What needs to be done: Going from the top of the listing below to the line that holds "newest 98b46 e5e14", reproduce each line exactly; no pictures.

Stored data:
######

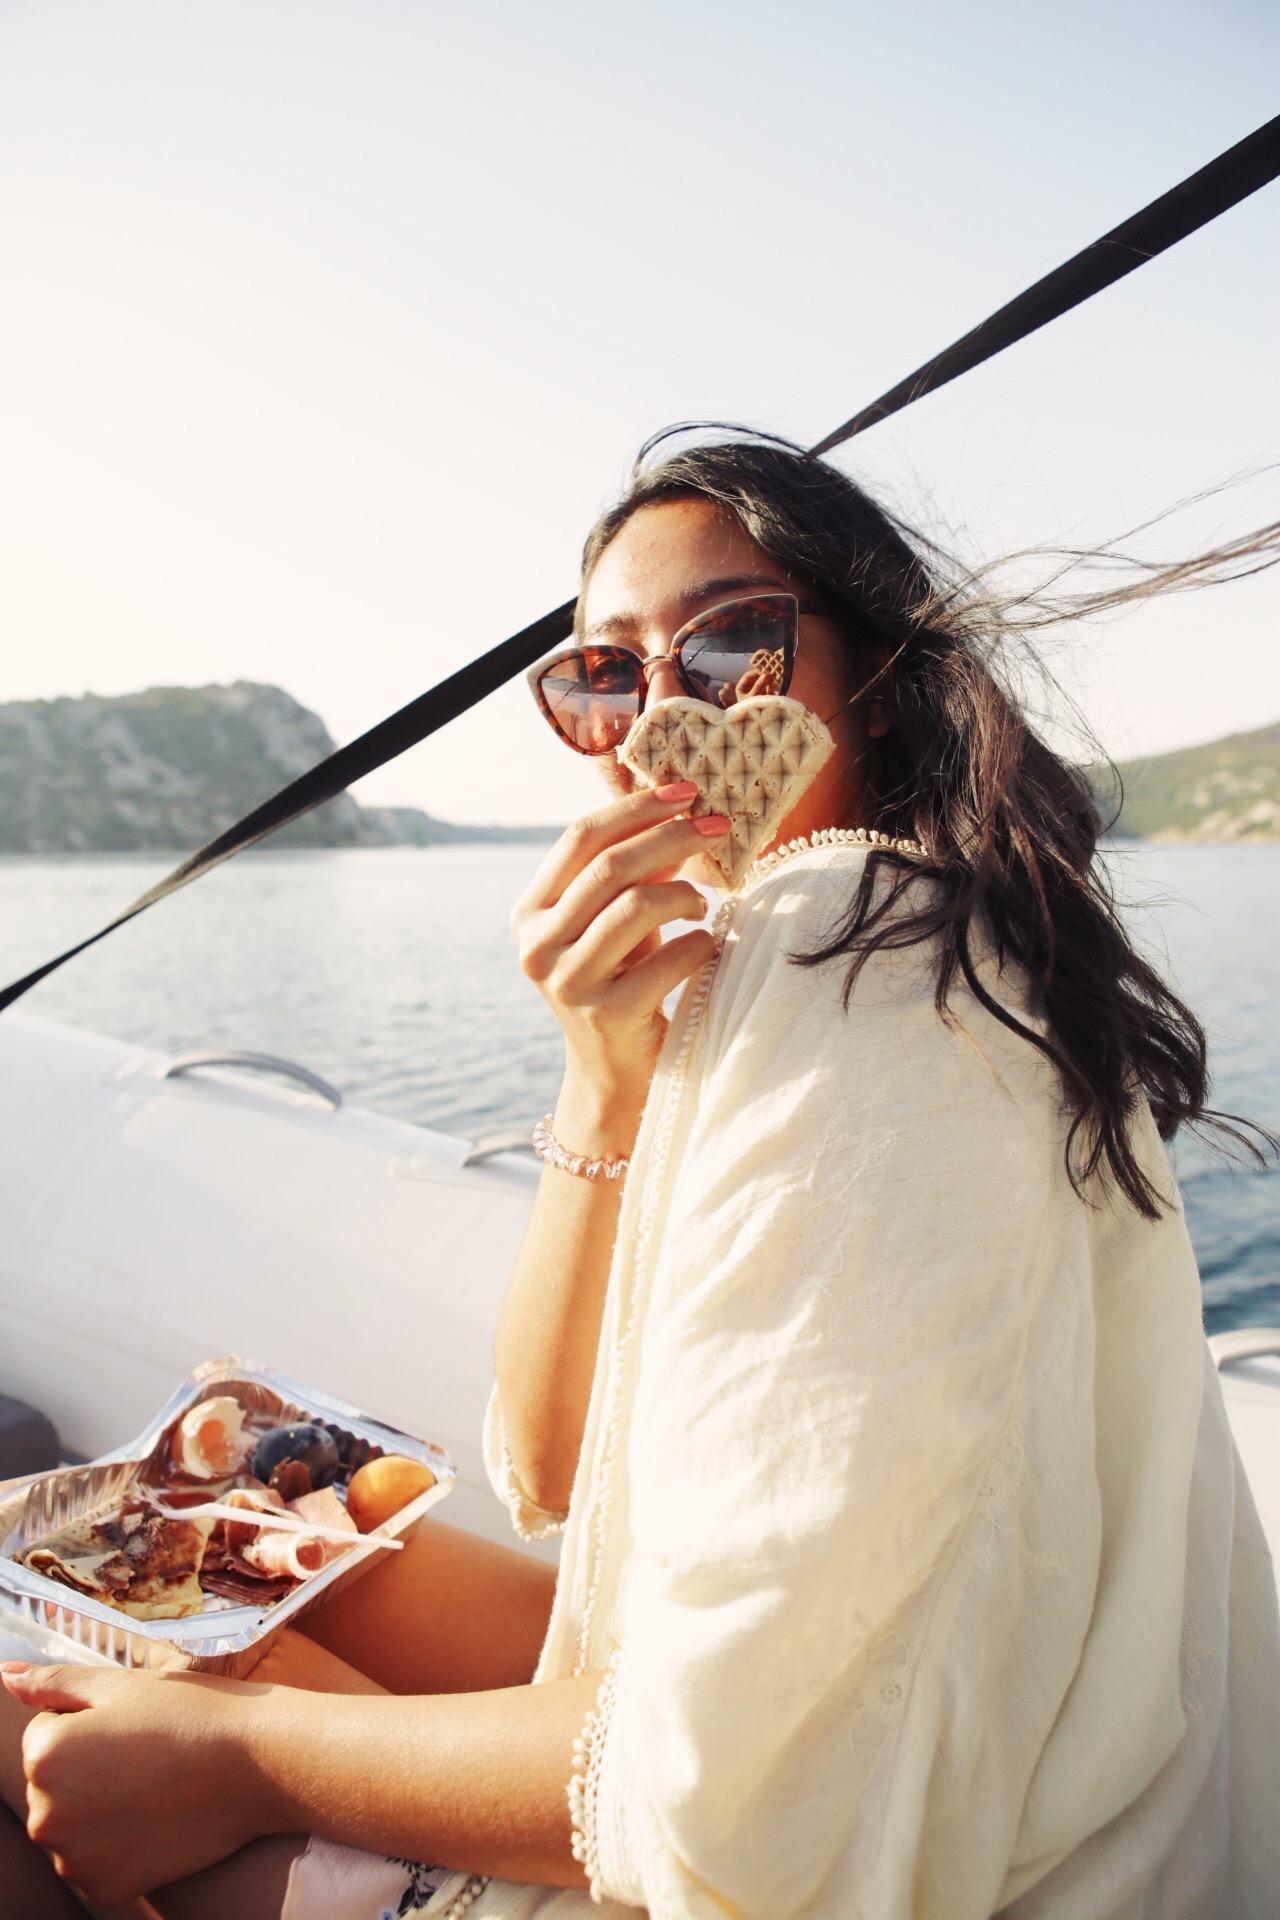 The Admiral Zaton - Heart Waffles - Takeaway Breakfast before Krka - Sibenik, Croatia - illumelation
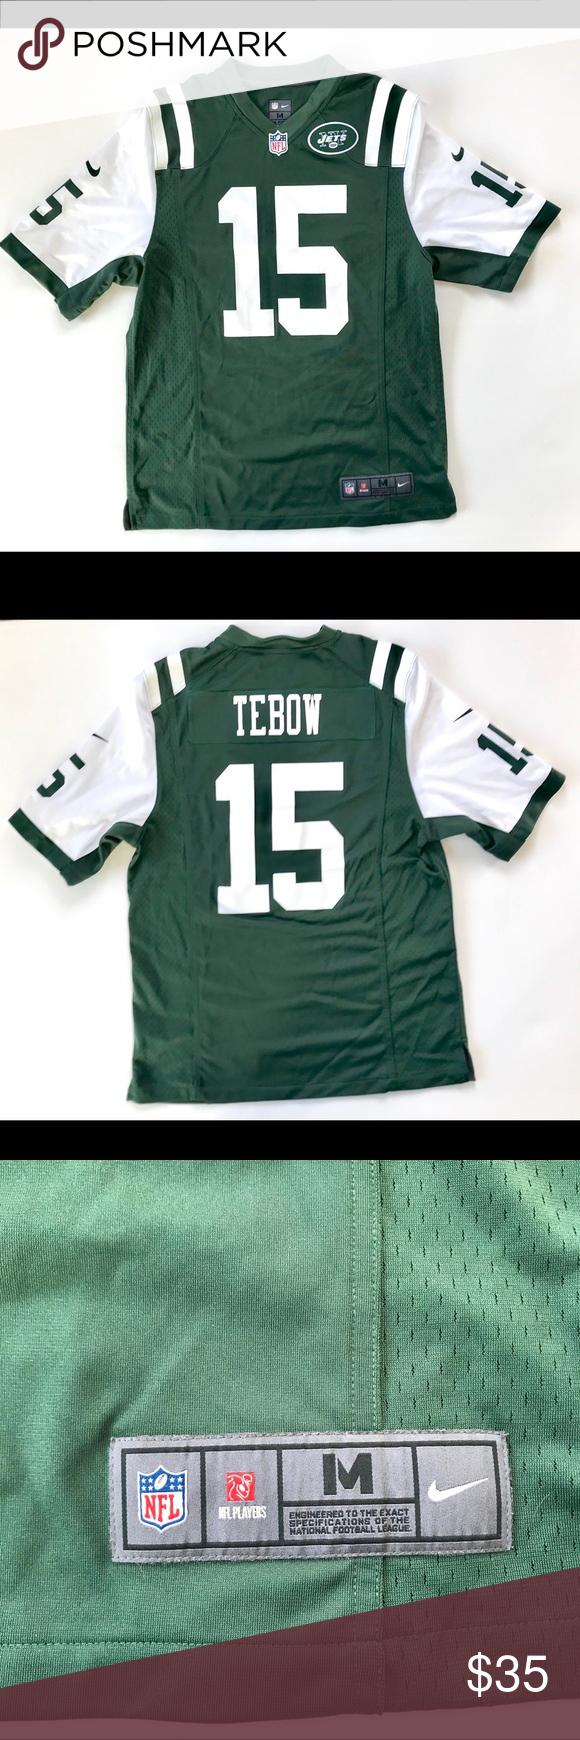 newest 98b46 e5e14 Men's Nike On Field Tim Tebow NY Jets Jersey M Men's Nike On ...
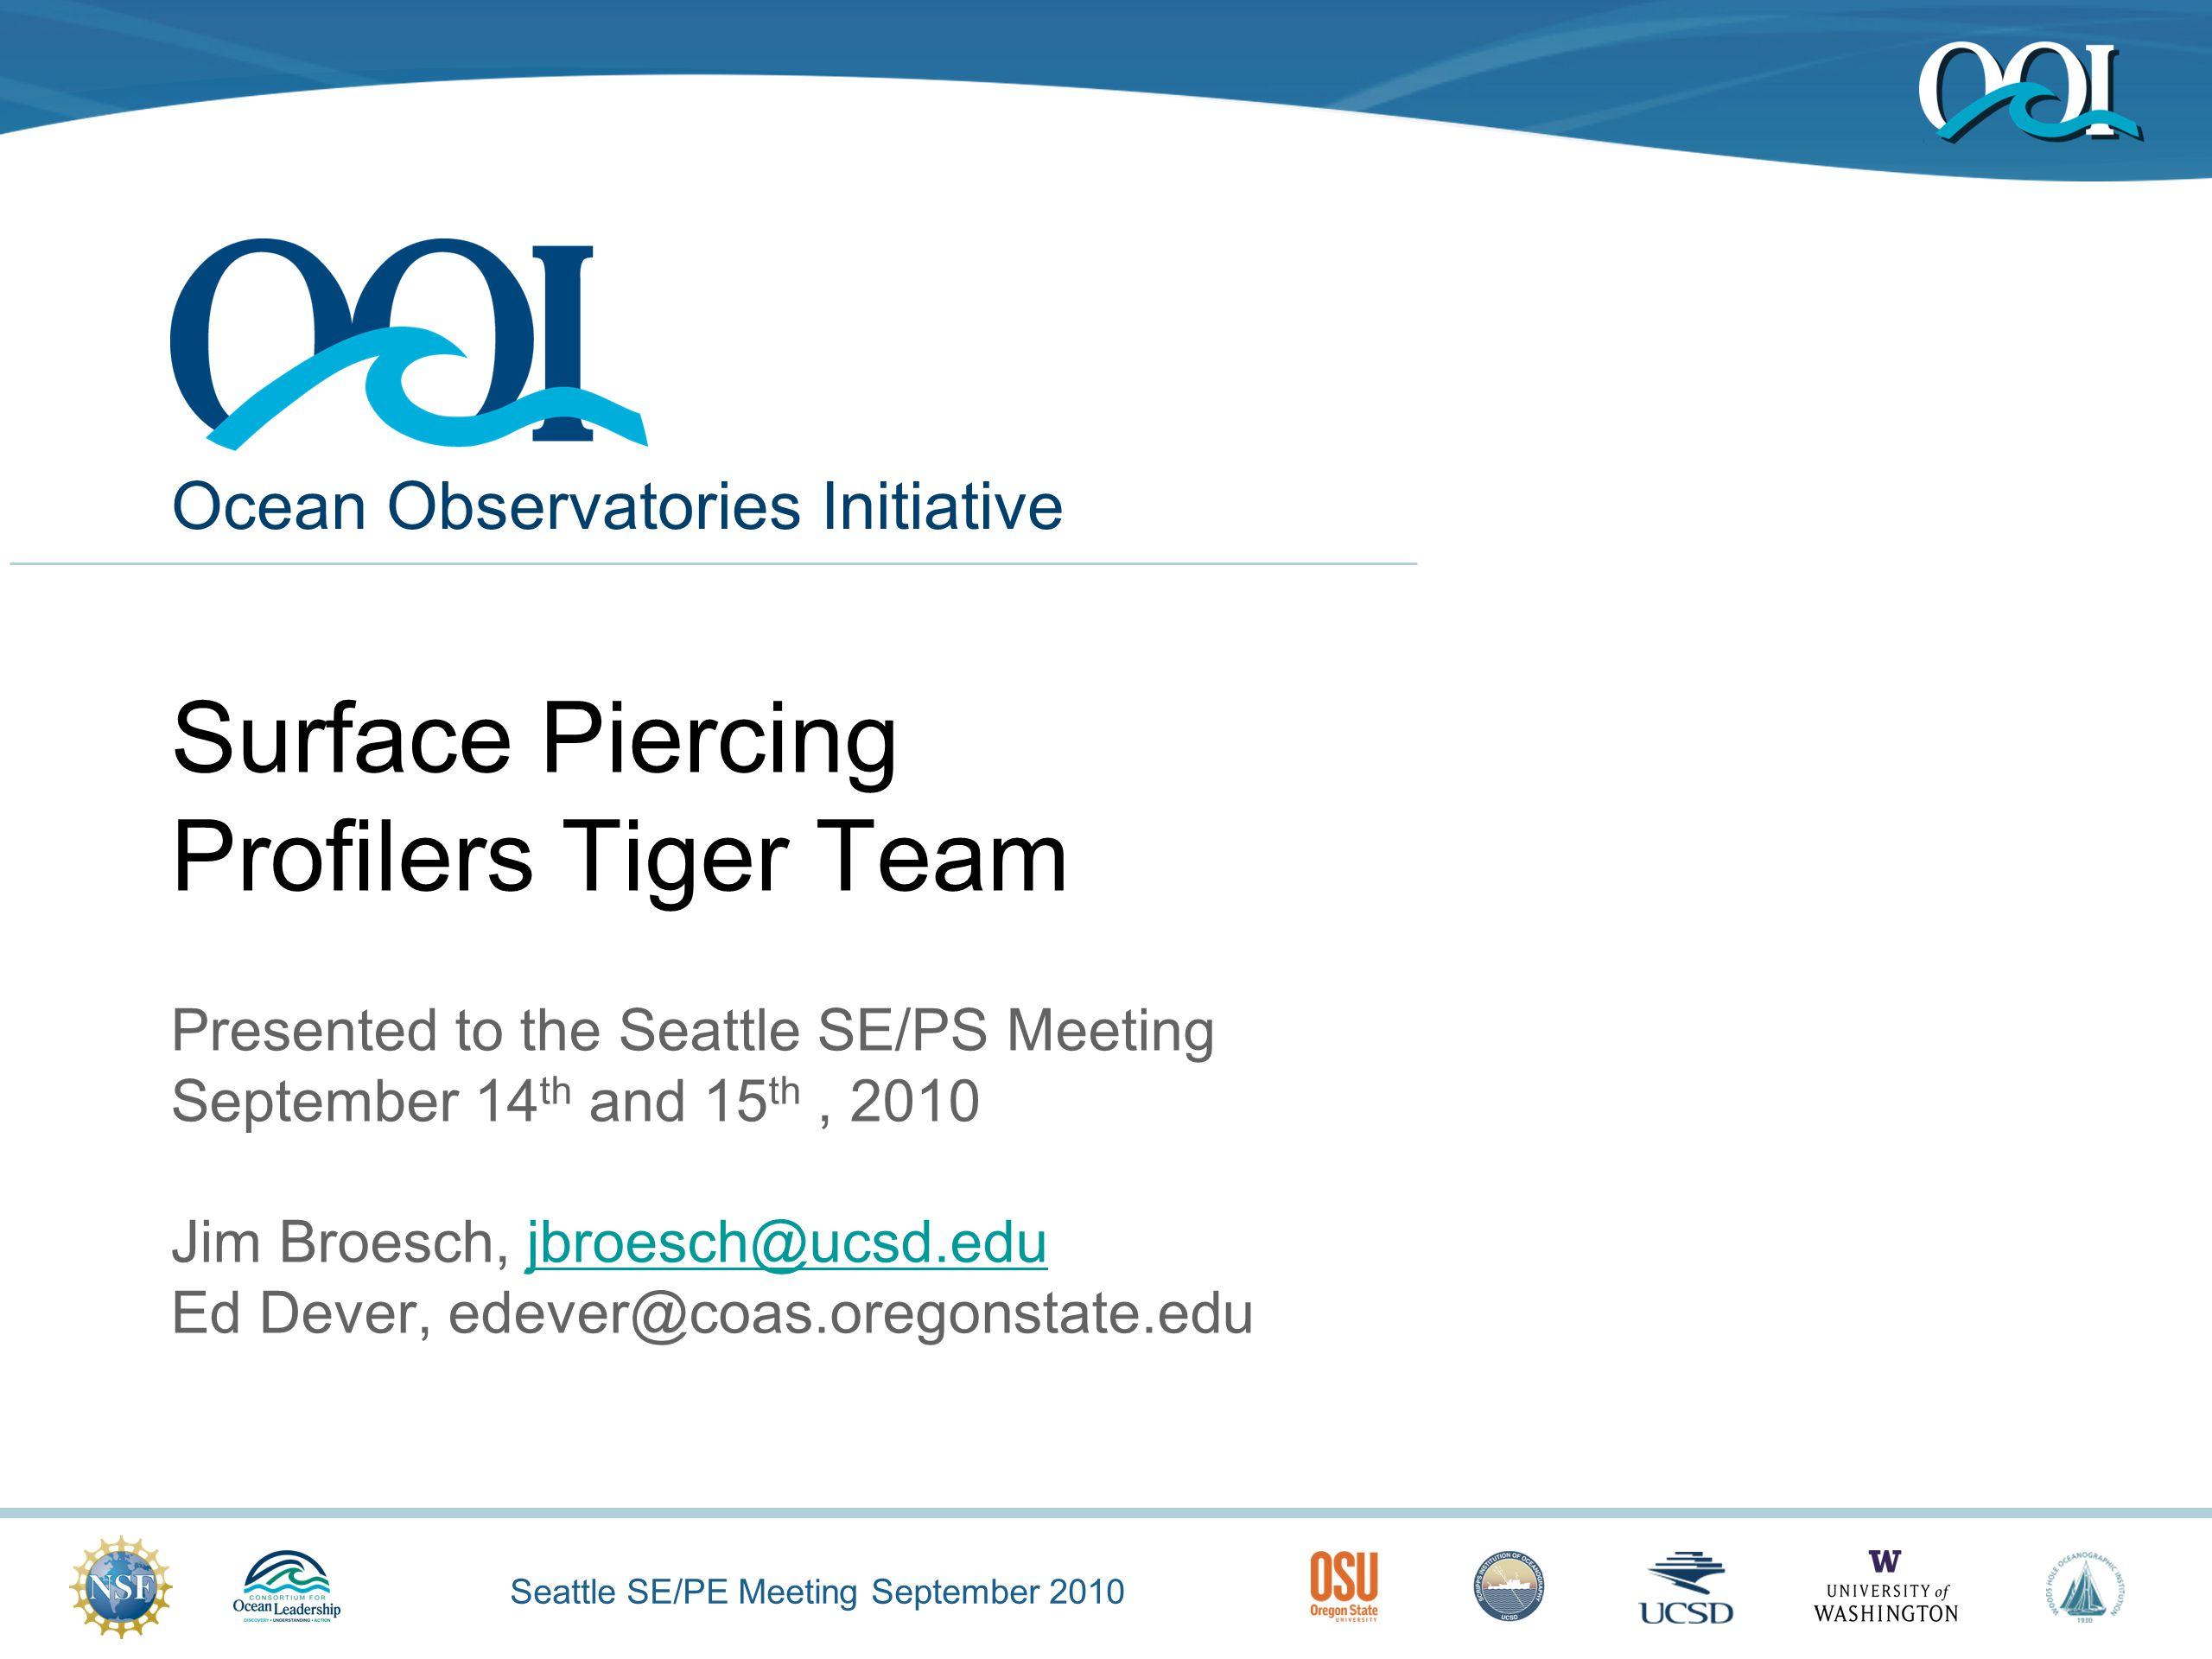 Seattle SE/PE Meeting September 2010 Ocean Observatories Initiative Surface Piercing Profilers Tiger Team Presented to the Seattle SE/PS Meeting September 14 th and 15 th, 2010 Jim Broesch, jbroesch@ucsd.edujbroesch@ucsd.edu Ed Dever, edever@coas.oregonstate.edu

######

Exercise result:
 The Admiral Zaton - Heart Waffles - Takeaway Breakfast before Krka - Sibenik, Croatia - illumelation
 newest 98b46 e5e14 Men's Nike On Field Tim Tebow NY Jets Jersey M Men's Nike On ...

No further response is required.